:: Required work ::
With every picture left out, give the data below back exactly.

==== Records supplied

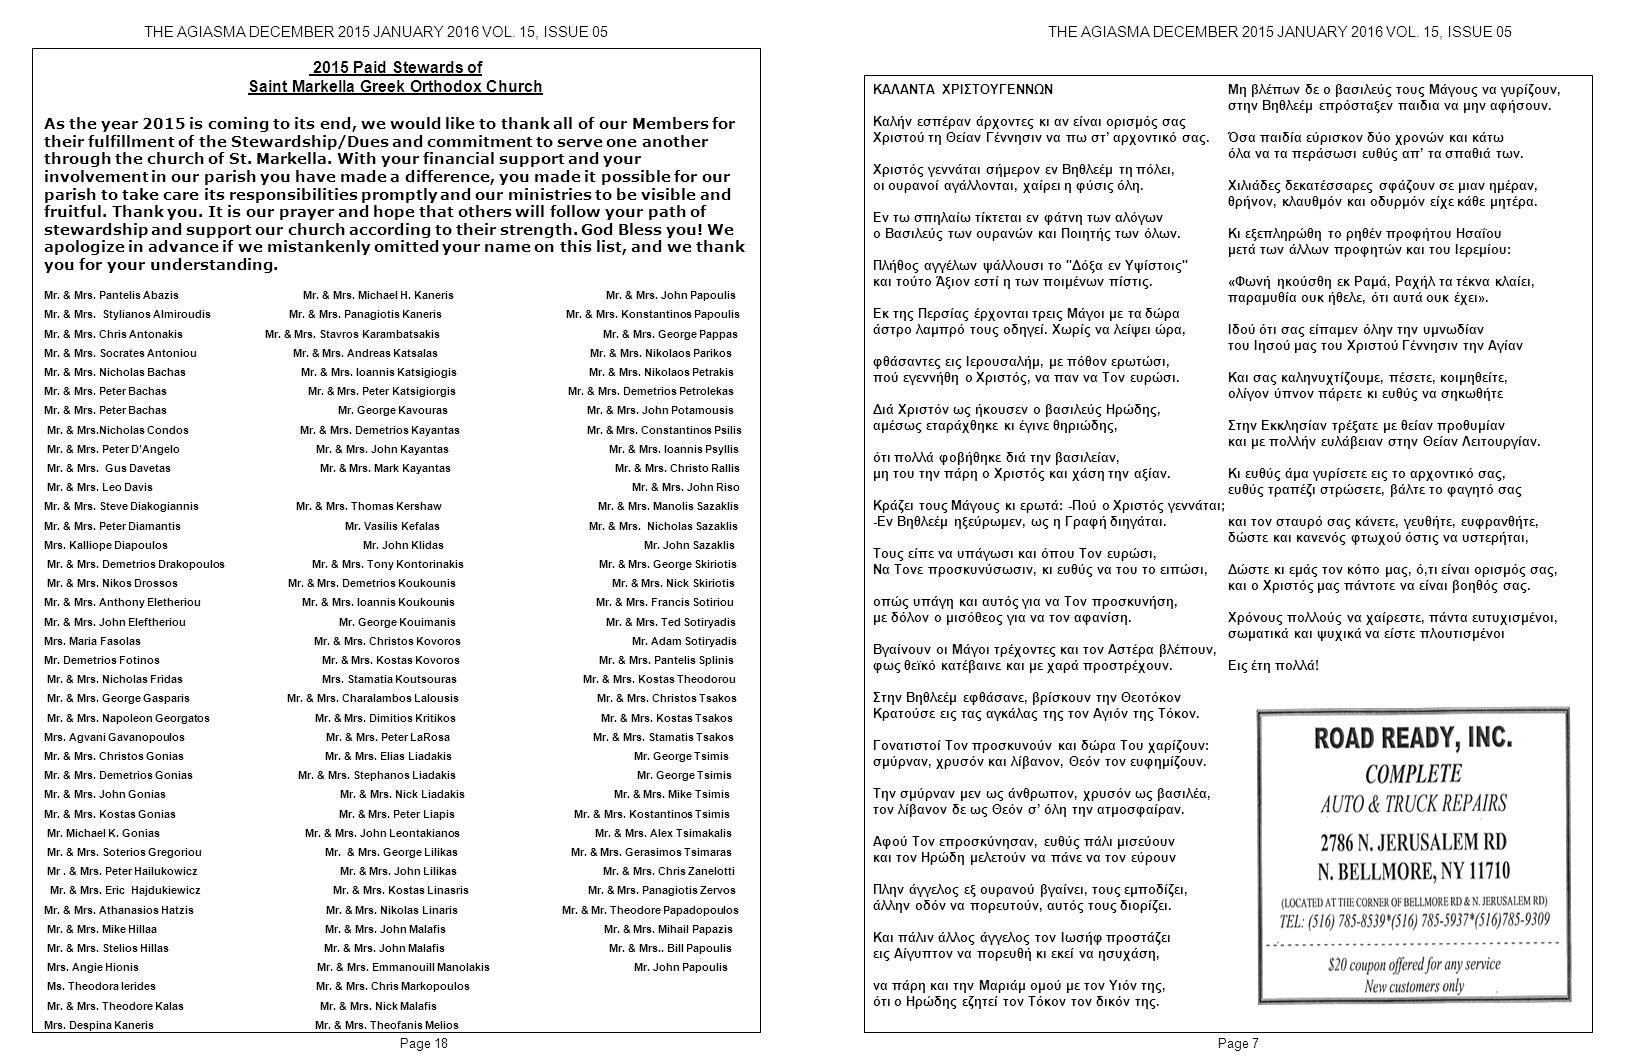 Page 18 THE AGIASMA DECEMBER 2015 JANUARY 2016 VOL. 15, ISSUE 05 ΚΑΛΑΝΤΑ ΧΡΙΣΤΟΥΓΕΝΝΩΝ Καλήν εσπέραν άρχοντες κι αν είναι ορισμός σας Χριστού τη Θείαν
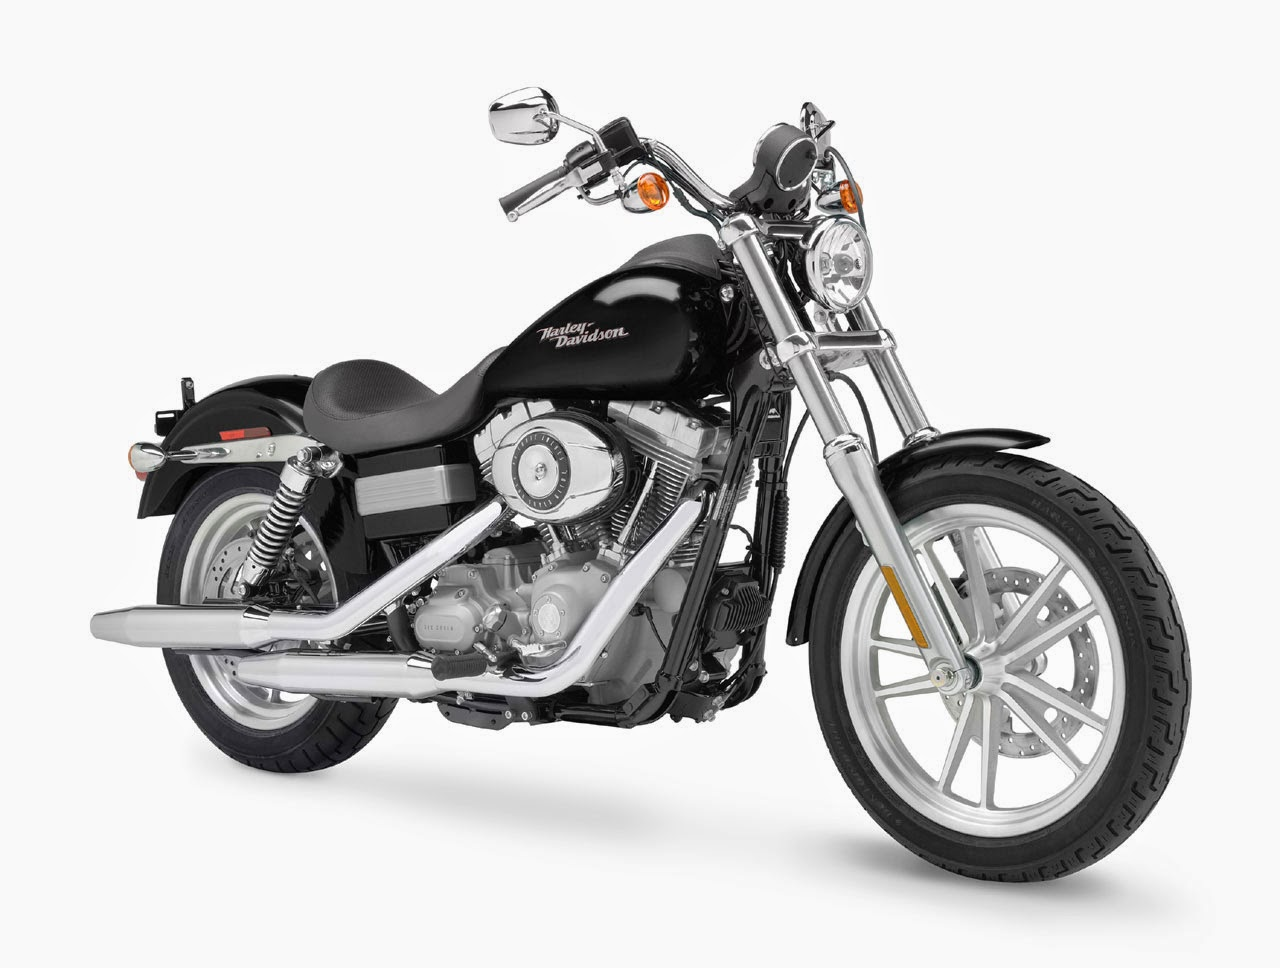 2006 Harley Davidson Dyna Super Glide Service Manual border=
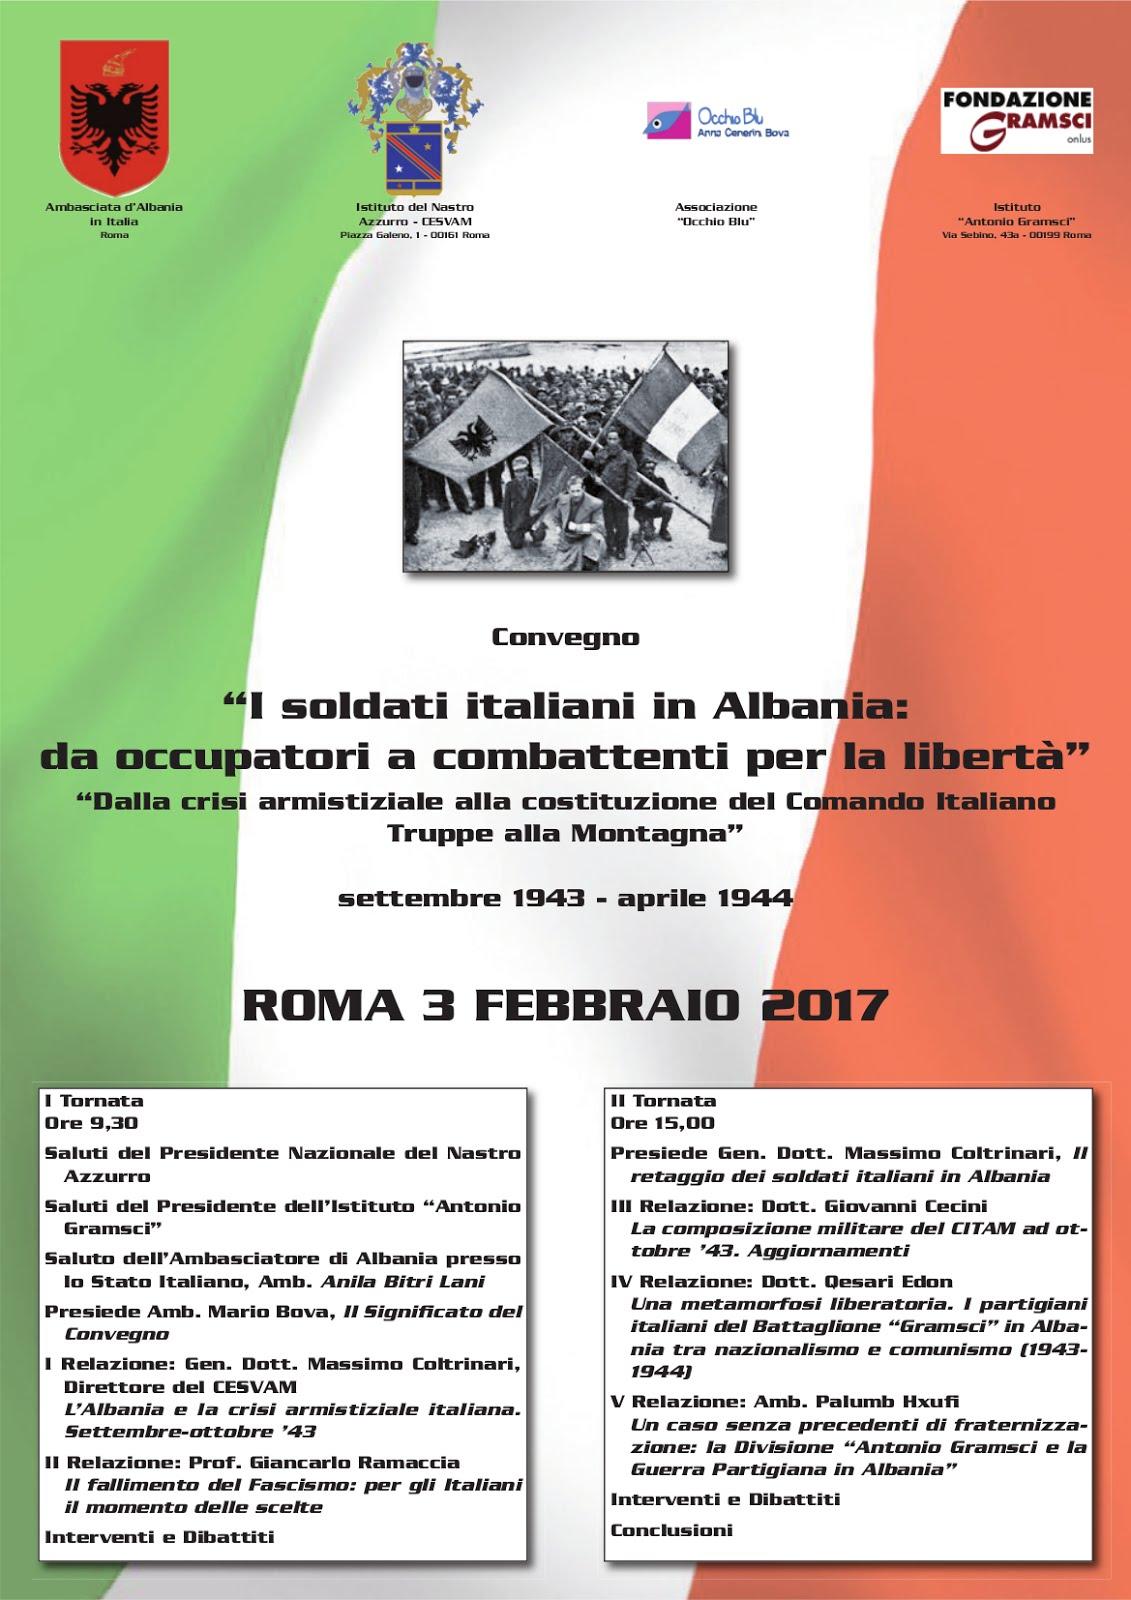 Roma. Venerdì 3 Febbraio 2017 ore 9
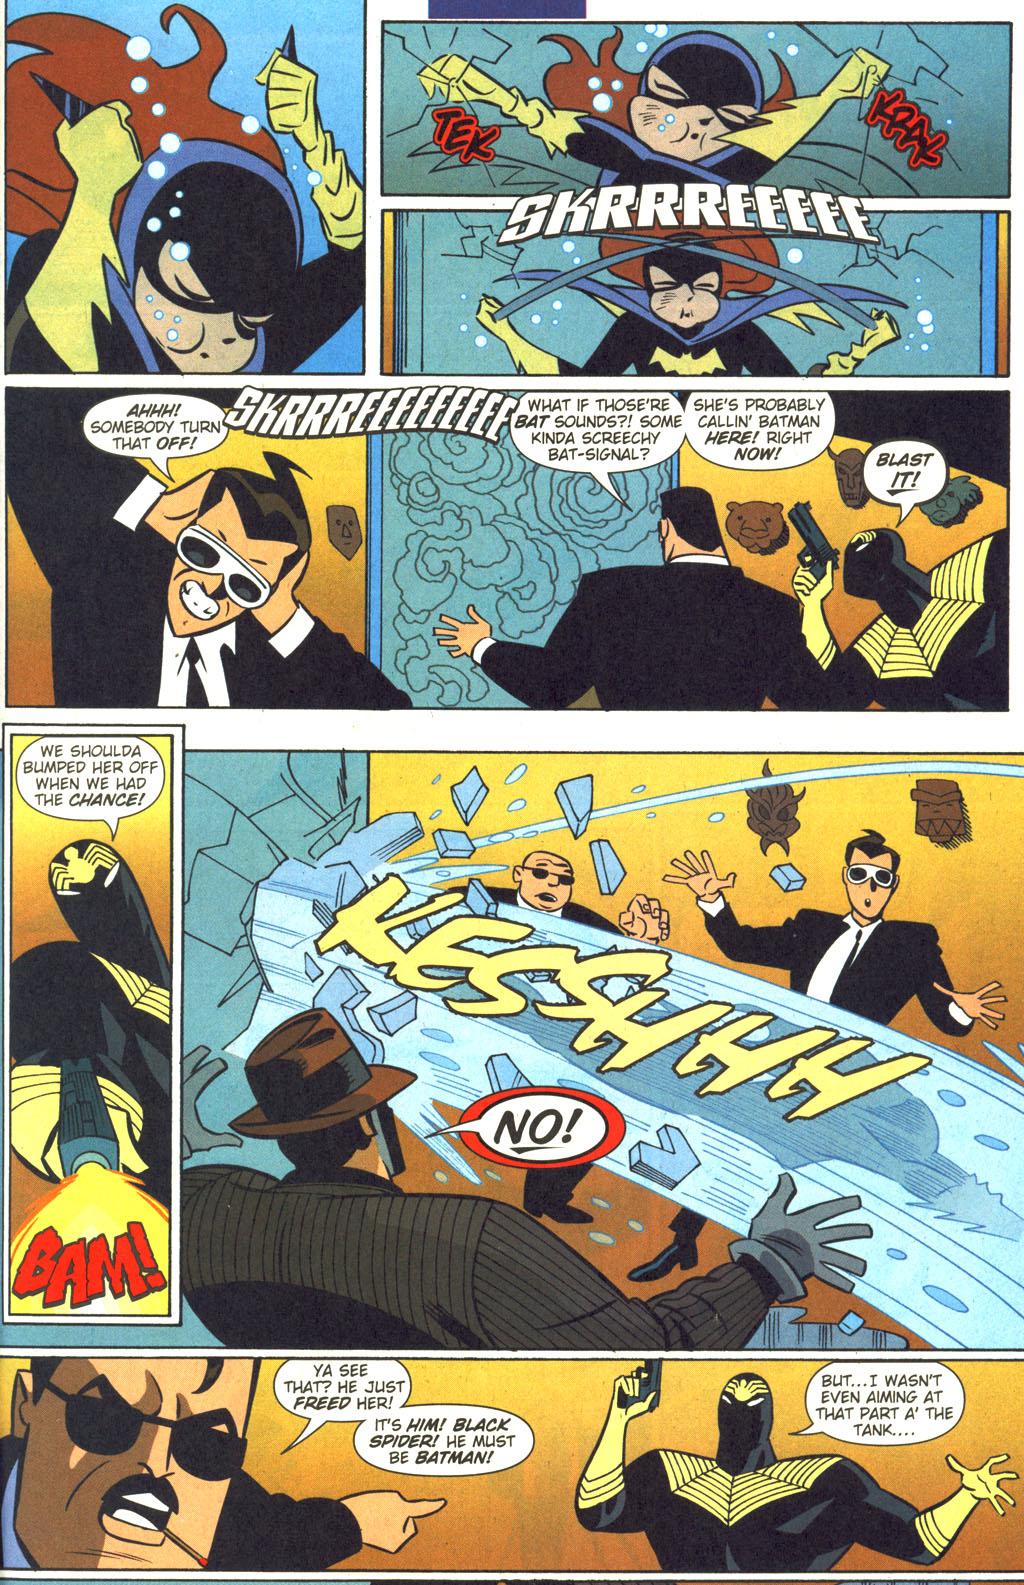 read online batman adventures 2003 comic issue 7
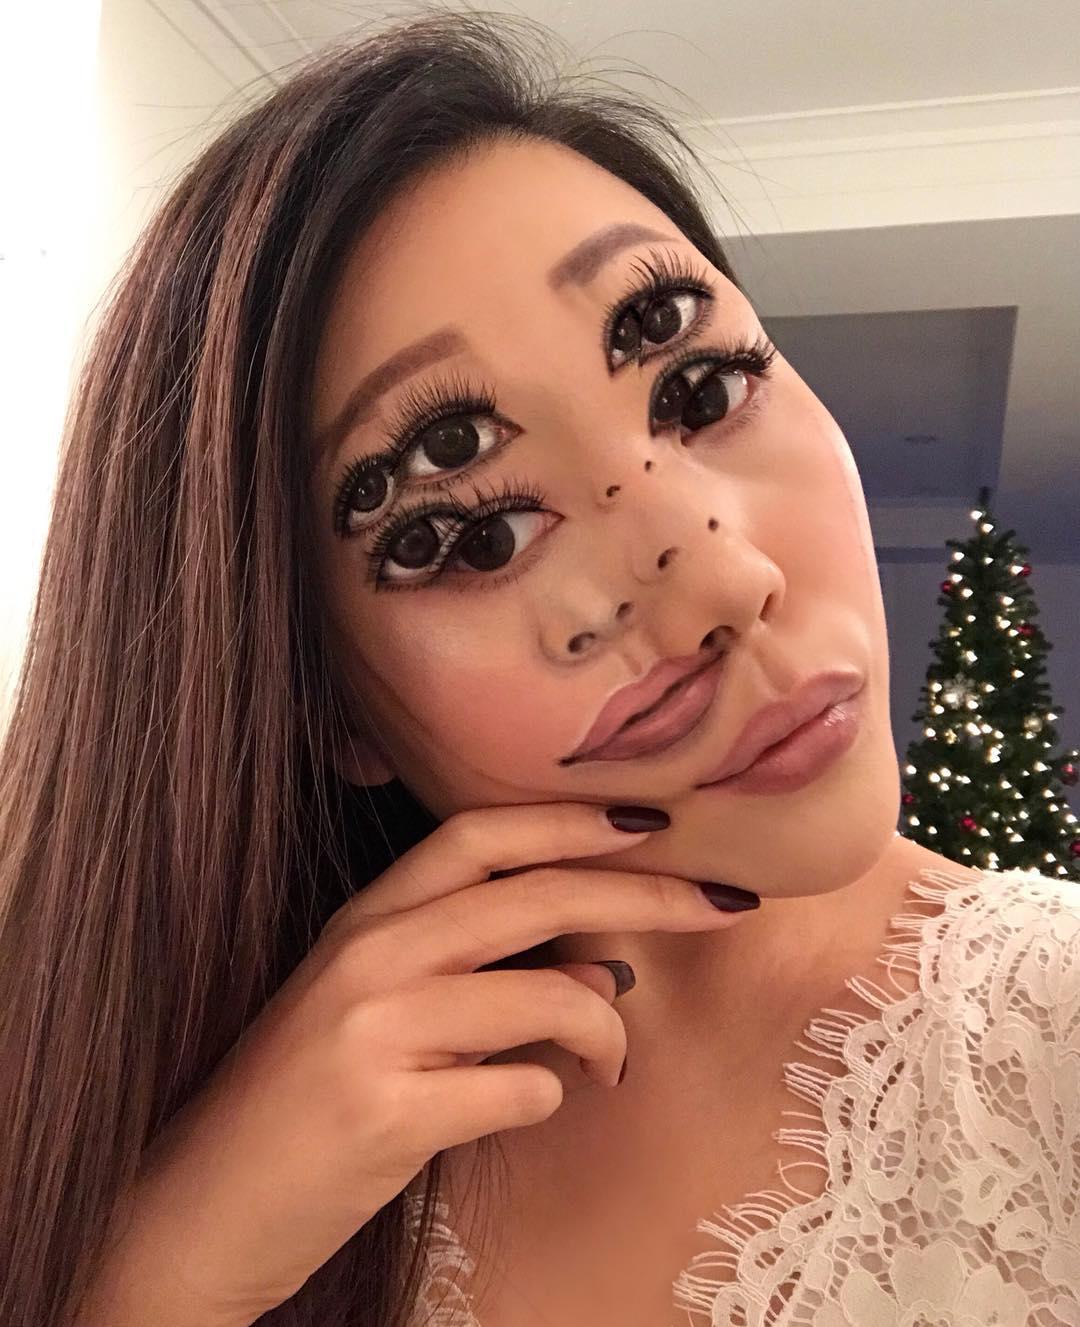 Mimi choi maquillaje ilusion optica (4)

========

:: Final answer ::
 Page 18 THE AGIASMA DECEMBER 2015 JANUARY 2016 VOL. 15, ISSUE 05 ΚΑΛΑΝΤΑ ΧΡΙΣΤΟΥΓΕΝΝΩΝ Καλήν εσπέραν άρχοντες κι αν είναι ορισμός σας Χριστού τη Θείαν
 2006 Harley Davidson Dyna Super Glide Service Manual border=
 Roma. Venerdì 3 Febbraio 2017 ore 9
 read online batman adventures 2003 comic issue 7
 Mimi choi maquillaje ilusion optica (4)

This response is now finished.